Он ведь и напомнил в предисловии к первому роману цикла об архаичном жанре, обретающем новую жизнь. Почин положил. А там пошло-поехало. «Сагами» стали именовать весьма разные (и разнокачественные) объемные прозаические сочинения, в которых запечатлевалась жизнь нескольких поколений. От бесспорных шедевров («Будденброки» Томаса Манна) до могучих советских опупей, отменно сочетавших незаменимую партийно-народную «идейность» (или как это там у них называлось?) с завлекательностью тогда еще недоступных нашему человеку мыльнооперных сериалов.
Возрождение славного жанра случилось в последние годы, когда «вдруг» выяснилось, что постсоветскому человеку хочется (и даже очень) читать длинные истории про обычных людей.

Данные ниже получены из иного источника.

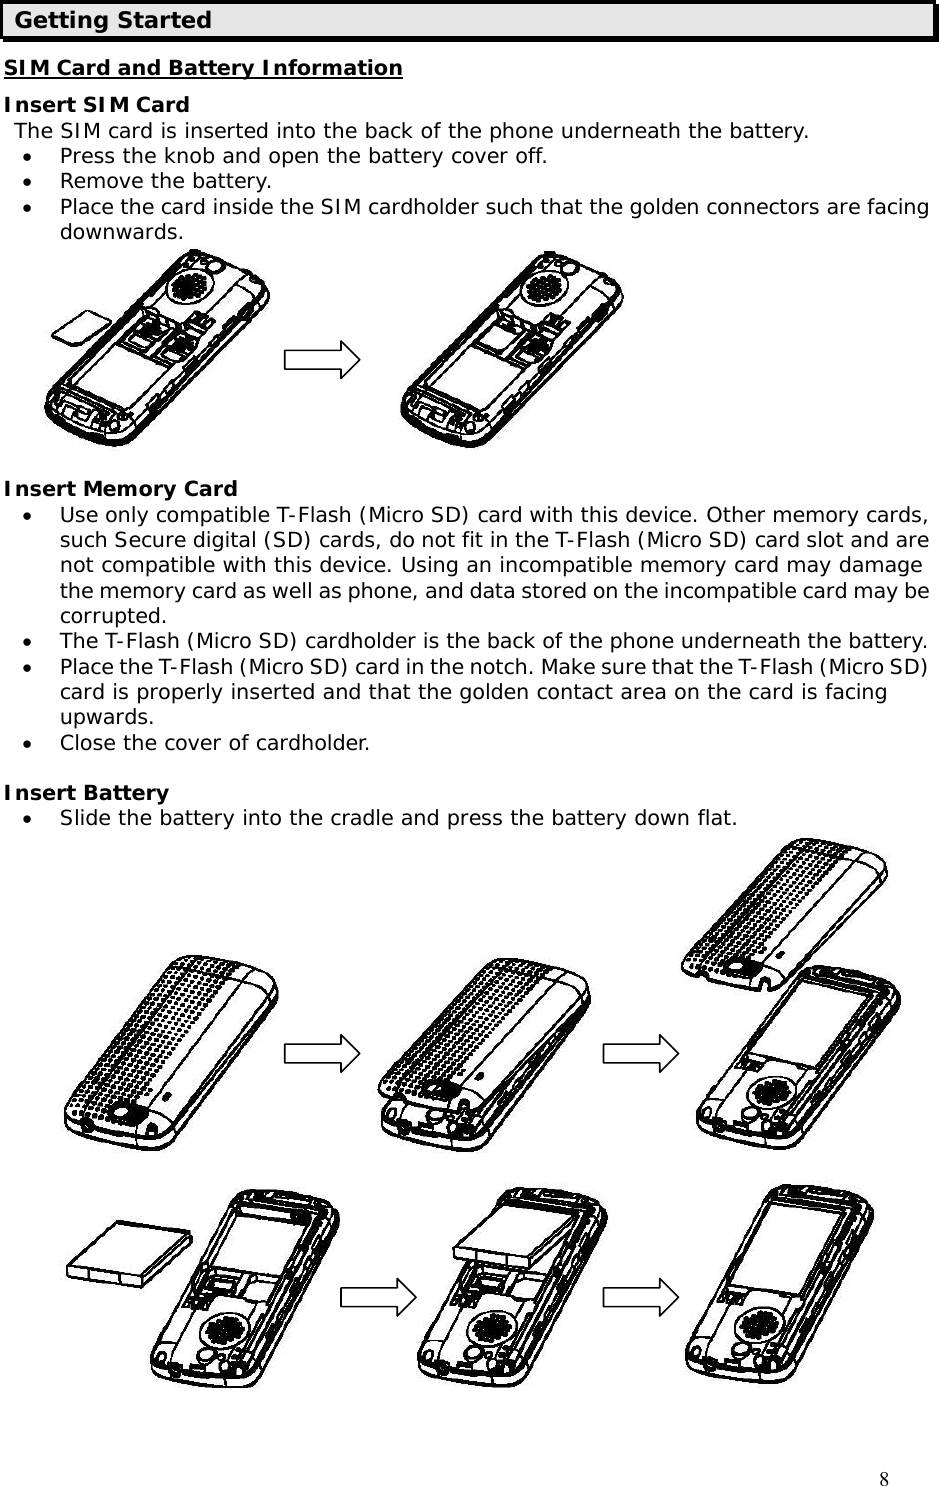                                     8 Getting Started SIM Card and Battery Information Insert SIM Card The SIM card is inserted into the back of the phone underneath the battery. • Press the knob and open the battery cover off.  • Remove the battery. • Place the card inside the SIM cardholder such that the golden connectors are facing downwards.                 Insert Memory Card • Use only compatible T-Flash (Micro SD) card with this device. Other memory cards, such Secure digital (SD) cards, do not fit in the T-Flash (Micro SD) card slot and are not compatible with this device. Using an incompatible memory card may damage the memory card as well as phone, and data stored on the incompatible card may be corrupted.  • The T-Flash (Micro SD) cardholder is the back of the phone underneath the battery.  • Place the T-Flash (Micro SD) card in the notch. Make sure that the T-Flash (Micro SD) card is properly inserted and that the golden contact area on the card is facing upwards. • Close the cover of cardholder.  Insert Battery • Slide the battery into the cradle and press the battery down flat.

А вовсе не те залихватские (и в то же время занудные), изобилующие условностями, нашпигованные плохо законспектированной мифологией и доморощенной философией, блещущие всеми «модернистскими» (столетней выдержки) заморочками опусы, которыми его азартно потчевали с самого начала нового — свободного — этапа существования русской литературы. Постмодернисты споро переквалифицировались в «реалистов». Где тут кончалась новейшая идеология (заказ на оправдание советчины под лакомым соусом все сложнее) и начинались рыночные игры, где срабатывал циничный расчет, а где — естественная тоска по читателю, разобраться трудно. Факт тот, что «сага» оказалась востребованной. Но при этом «многоцветной» — иногда демонстративно «жизнеподобной», иногда — приправленной сериальными кульбитами, а иногда не менее «интеллектуальной», чем прежние творения раскаявшихся постмодернистов. При таком изобилии, конечно же, нужно расставить акценты. Выявить победителя. Чемпиона. Суперсагера.

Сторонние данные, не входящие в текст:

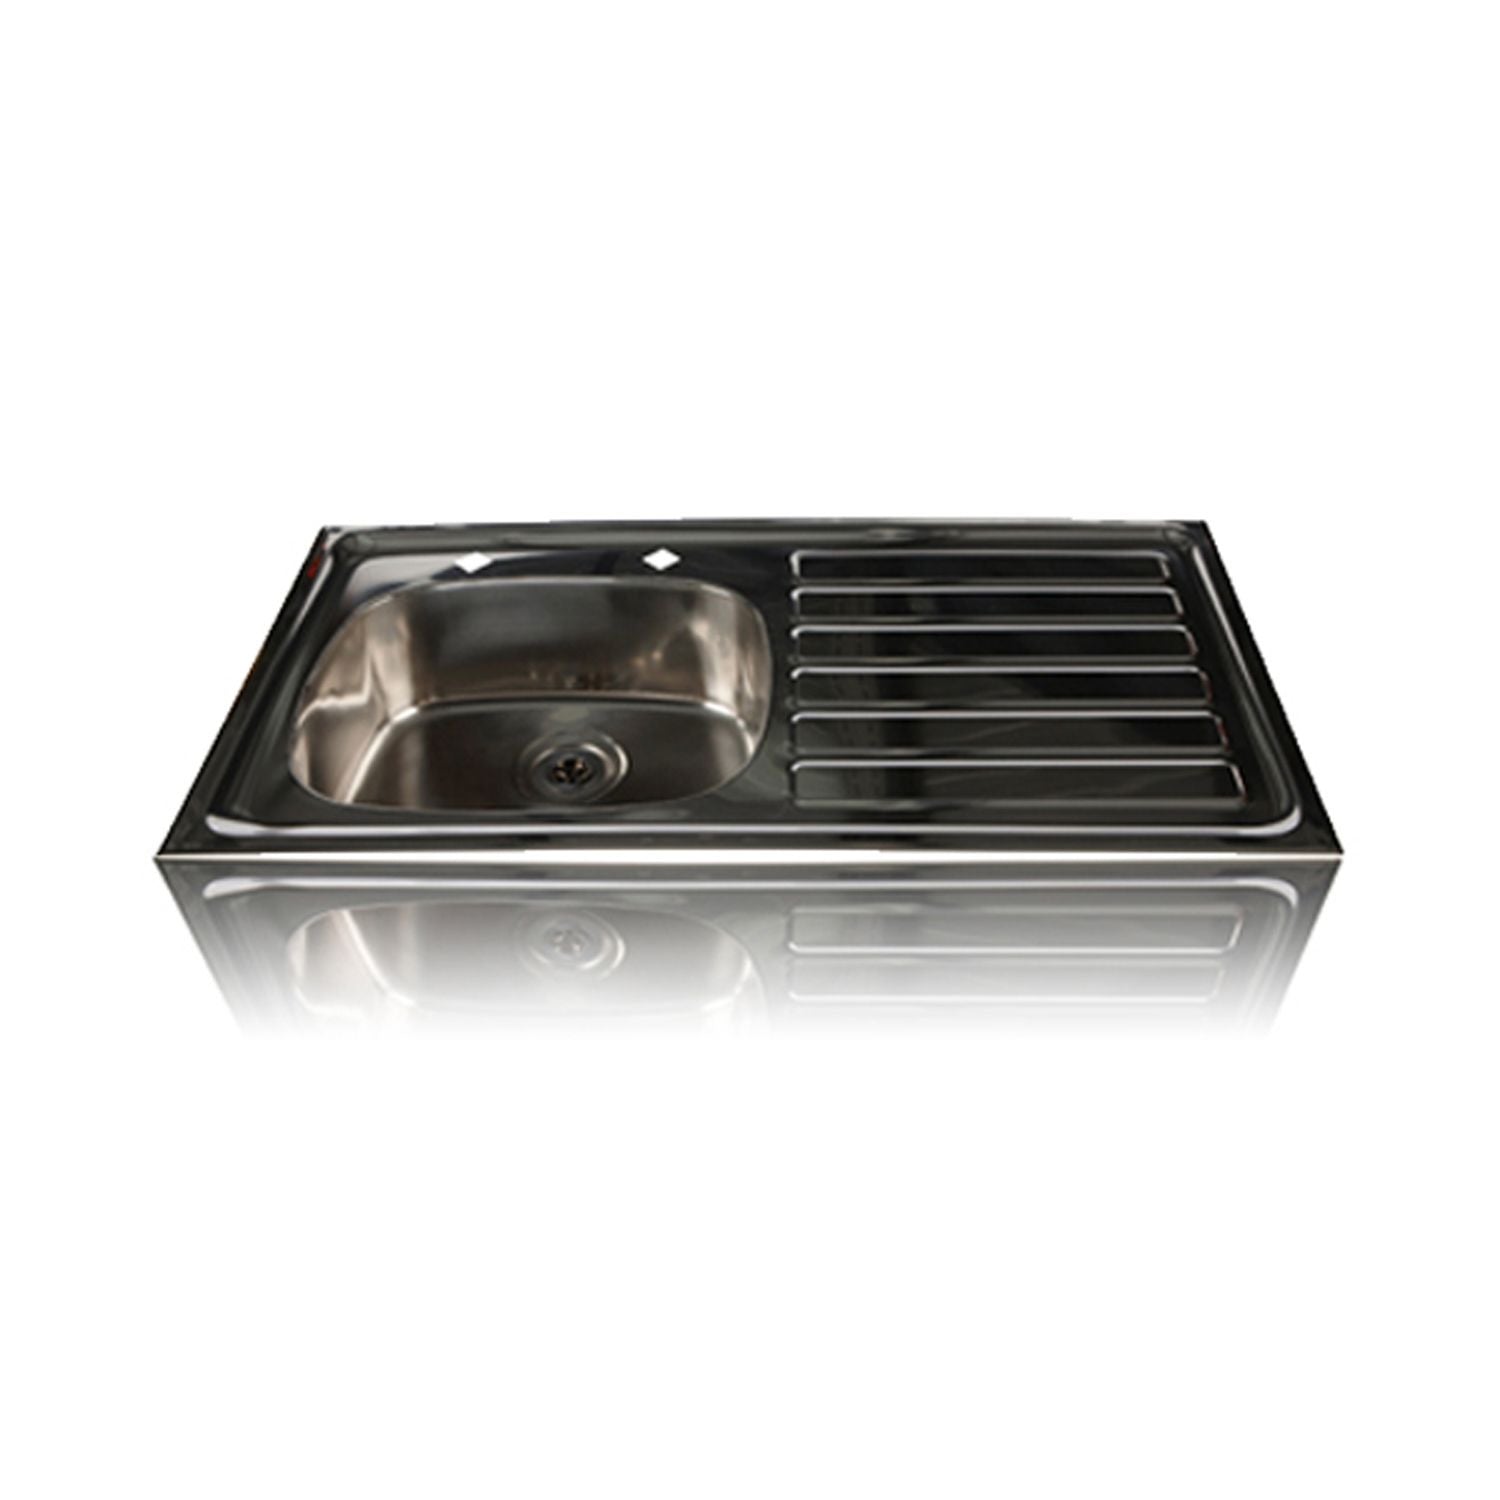 Sunflower HTM64 Compliant Inset Stainless Steel Sink | Left Hand Drainer

Как найти? Да учредить спецпремию за «сагу». С жюри, номинаторами, лонг-шорт-листами, обедом-фуршетом и призовым фондом. То-то было бы раздолье критикам: выясняй до посинения, кто у нас распрекрасная сага саговна, а кто всего лишь роман романыч? Но славные организаторы литературного процесса то ли спонсора не нашли (все в «Большую книгу» вложились), то ли от множества премиальных разборок устали… Предпочли двинуться неторной тропой. Все гениальное просто. Зачем огород городить, уставы сочинять, на церемонии тратиться, если триумфатора можно просто назначить?
Принес автор в издательство роман. Большой. Семейный. С прибамбасами, но понятный. Читабельный, но и для хитромудрых интерпретаций пригодный. Выпускаем. А на обложке — под эффектным заголовком — лепим заветное: Самая необычная семейная сага. Ага. Куда там Форсайтам с Будденброками. Или Маркесу с его столетним одиночеством. Качество гарантировано!
А чтоб у покупателя и тени сомнения не было, используем и заднюю обложку. Знай наших — как знают их в просвещенном мире. Благословен год, месяц, день и час, когда я прочел высокое творенье самого талантливого из молодых русских писателей…. Франческо Петрарка.
Как Петрарка? Он же помер в 1374 году? Правда? Промашка вышла. Не Петрарка. Джонатан Свифт. Который про лилипутов… Как, и он в лучший мир отбыл? В 1745-м? Позже, чем Петрарка, но раньше, чем «самый талантливый» родился. Ох, крохоборы… Ладно, не Свифт — Белль, Хемингуэй, Камю… И эти не дожили до светлого праздничка? А есть кто живой? Мураками еще дышит? Или этот, как его, Акройд? Вот и ставим подпись: Кутзее-Павич-Перес-Реверте. И конструкцию маленько перестроим. Без вывертов оно весомей будет: Имярек Имяреков — один из самых талантливых русских молодых писателей. Может быть, самый талантливый.
Так и видишь почтенного мэтра, перекладывающего кириллические книги, рукописи, распечатки из электрического интернета. И тот, кажись, хорош, и этот, но все же… Нет, не зря постигал властитель дум славянское наречье. Не попусту, забыв собственные замыслы, просиживал дни и ночи над сагами, сложенными в таинственной стране многоглавых храмов, серо-буро-малиновых медведей и развесистой клюквы. Нашел-таки истинного наследника Толстоевского, Тургехова и Белобокова. Вот он: Имярек Имяреков!